▶ [TASK GOAL] Once the line holding "Eröffnung: Neues Alpen-Dampfbad" is found in the listing below, write it out and each later line exactly, up to and including the one holding "Ich Bin Ein".

▶ [PROVIDED DATA]
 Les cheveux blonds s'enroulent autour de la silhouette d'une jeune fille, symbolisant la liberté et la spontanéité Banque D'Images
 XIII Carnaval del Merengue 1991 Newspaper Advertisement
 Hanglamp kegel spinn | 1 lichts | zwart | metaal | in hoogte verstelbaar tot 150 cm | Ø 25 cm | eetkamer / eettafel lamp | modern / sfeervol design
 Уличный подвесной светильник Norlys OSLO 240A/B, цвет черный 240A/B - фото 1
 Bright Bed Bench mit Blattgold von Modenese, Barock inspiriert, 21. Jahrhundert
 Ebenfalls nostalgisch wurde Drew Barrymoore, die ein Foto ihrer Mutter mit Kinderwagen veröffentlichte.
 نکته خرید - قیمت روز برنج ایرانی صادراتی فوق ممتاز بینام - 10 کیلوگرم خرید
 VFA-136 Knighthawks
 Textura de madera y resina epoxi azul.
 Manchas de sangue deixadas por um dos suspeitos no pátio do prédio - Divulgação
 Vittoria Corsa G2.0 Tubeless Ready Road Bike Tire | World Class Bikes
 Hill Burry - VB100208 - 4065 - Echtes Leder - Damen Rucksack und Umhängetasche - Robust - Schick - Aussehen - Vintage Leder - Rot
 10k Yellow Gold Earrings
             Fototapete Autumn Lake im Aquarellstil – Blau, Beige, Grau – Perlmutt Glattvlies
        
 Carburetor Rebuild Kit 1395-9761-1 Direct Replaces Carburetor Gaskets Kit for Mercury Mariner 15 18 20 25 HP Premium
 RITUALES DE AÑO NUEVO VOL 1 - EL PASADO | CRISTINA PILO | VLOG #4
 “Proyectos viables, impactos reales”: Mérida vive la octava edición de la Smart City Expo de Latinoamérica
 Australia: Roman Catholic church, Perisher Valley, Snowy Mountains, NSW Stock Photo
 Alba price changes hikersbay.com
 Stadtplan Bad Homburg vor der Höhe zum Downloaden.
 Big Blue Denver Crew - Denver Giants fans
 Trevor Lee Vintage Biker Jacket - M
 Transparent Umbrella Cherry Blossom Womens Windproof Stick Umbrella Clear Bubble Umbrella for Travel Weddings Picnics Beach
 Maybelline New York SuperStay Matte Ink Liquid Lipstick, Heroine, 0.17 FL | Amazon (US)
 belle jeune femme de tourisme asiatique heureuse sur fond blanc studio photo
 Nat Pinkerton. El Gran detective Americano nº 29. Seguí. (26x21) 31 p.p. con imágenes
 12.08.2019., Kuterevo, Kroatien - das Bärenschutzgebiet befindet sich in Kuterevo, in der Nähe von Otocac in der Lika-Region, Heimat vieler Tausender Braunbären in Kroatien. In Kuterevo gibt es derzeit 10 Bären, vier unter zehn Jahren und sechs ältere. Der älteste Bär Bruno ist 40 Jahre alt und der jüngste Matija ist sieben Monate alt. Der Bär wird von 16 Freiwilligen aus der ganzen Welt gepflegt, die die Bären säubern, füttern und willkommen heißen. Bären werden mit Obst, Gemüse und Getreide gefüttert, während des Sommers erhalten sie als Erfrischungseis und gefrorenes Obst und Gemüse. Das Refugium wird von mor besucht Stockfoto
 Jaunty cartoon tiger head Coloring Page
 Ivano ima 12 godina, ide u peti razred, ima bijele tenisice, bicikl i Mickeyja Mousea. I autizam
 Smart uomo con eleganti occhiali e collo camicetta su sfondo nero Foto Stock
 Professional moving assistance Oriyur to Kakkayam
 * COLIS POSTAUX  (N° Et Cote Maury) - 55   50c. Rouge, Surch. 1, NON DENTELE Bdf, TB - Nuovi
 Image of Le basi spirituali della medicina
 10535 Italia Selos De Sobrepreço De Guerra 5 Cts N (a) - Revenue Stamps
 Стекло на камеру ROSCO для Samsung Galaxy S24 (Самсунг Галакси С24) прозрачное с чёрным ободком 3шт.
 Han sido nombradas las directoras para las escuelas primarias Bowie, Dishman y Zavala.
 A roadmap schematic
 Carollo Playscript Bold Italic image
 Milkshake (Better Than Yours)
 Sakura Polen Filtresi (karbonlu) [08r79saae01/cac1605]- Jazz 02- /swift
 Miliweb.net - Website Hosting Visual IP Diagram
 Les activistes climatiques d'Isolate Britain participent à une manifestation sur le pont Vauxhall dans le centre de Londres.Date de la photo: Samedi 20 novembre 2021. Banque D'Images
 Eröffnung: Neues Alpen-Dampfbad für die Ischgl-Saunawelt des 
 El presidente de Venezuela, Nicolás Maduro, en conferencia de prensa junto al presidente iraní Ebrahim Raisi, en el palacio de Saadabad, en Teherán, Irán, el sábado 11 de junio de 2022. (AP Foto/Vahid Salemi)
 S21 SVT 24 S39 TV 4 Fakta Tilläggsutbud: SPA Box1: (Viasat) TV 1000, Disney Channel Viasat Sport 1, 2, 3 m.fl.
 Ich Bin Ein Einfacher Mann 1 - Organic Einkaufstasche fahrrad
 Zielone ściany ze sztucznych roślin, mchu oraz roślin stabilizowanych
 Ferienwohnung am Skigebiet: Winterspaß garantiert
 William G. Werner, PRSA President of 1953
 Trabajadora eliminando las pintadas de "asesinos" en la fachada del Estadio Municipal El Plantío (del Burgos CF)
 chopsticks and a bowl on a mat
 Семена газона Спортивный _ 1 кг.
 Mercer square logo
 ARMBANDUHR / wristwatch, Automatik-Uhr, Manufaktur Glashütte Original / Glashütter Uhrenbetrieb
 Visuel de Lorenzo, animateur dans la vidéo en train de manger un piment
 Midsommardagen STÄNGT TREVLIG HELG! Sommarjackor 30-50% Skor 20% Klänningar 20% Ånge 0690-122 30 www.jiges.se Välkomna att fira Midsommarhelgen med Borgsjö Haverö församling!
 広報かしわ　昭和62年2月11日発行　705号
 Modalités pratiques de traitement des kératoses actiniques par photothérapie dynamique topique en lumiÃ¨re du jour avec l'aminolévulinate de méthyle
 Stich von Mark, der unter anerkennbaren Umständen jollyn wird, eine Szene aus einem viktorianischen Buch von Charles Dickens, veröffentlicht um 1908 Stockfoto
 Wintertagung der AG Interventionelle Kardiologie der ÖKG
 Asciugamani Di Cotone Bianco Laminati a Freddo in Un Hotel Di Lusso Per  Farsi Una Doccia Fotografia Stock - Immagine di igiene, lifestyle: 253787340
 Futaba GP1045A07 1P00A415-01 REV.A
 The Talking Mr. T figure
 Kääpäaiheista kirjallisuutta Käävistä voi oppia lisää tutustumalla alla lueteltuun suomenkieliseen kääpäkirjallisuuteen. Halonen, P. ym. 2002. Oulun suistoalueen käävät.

▶ [RESULT OF THIS TASK]
 Eröffnung: Neues Alpen-Dampfbad für die Ischgl-Saunawelt des 
 El presidente de Venezuela, Nicolás Maduro, en conferencia de prensa junto al presidente iraní Ebrahim Raisi, en el palacio de Saadabad, en Teherán, Irán, el sábado 11 de junio de 2022. (AP Foto/Vahid Salemi)
 S21 SVT 24 S39 TV 4 Fakta Tilläggsutbud: SPA Box1: (Viasat) TV 1000, Disney Channel Viasat Sport 1, 2, 3 m.fl.
 Ich Bin Ein Einfacher Mann 1 - Organic Einkaufstasche fahrrad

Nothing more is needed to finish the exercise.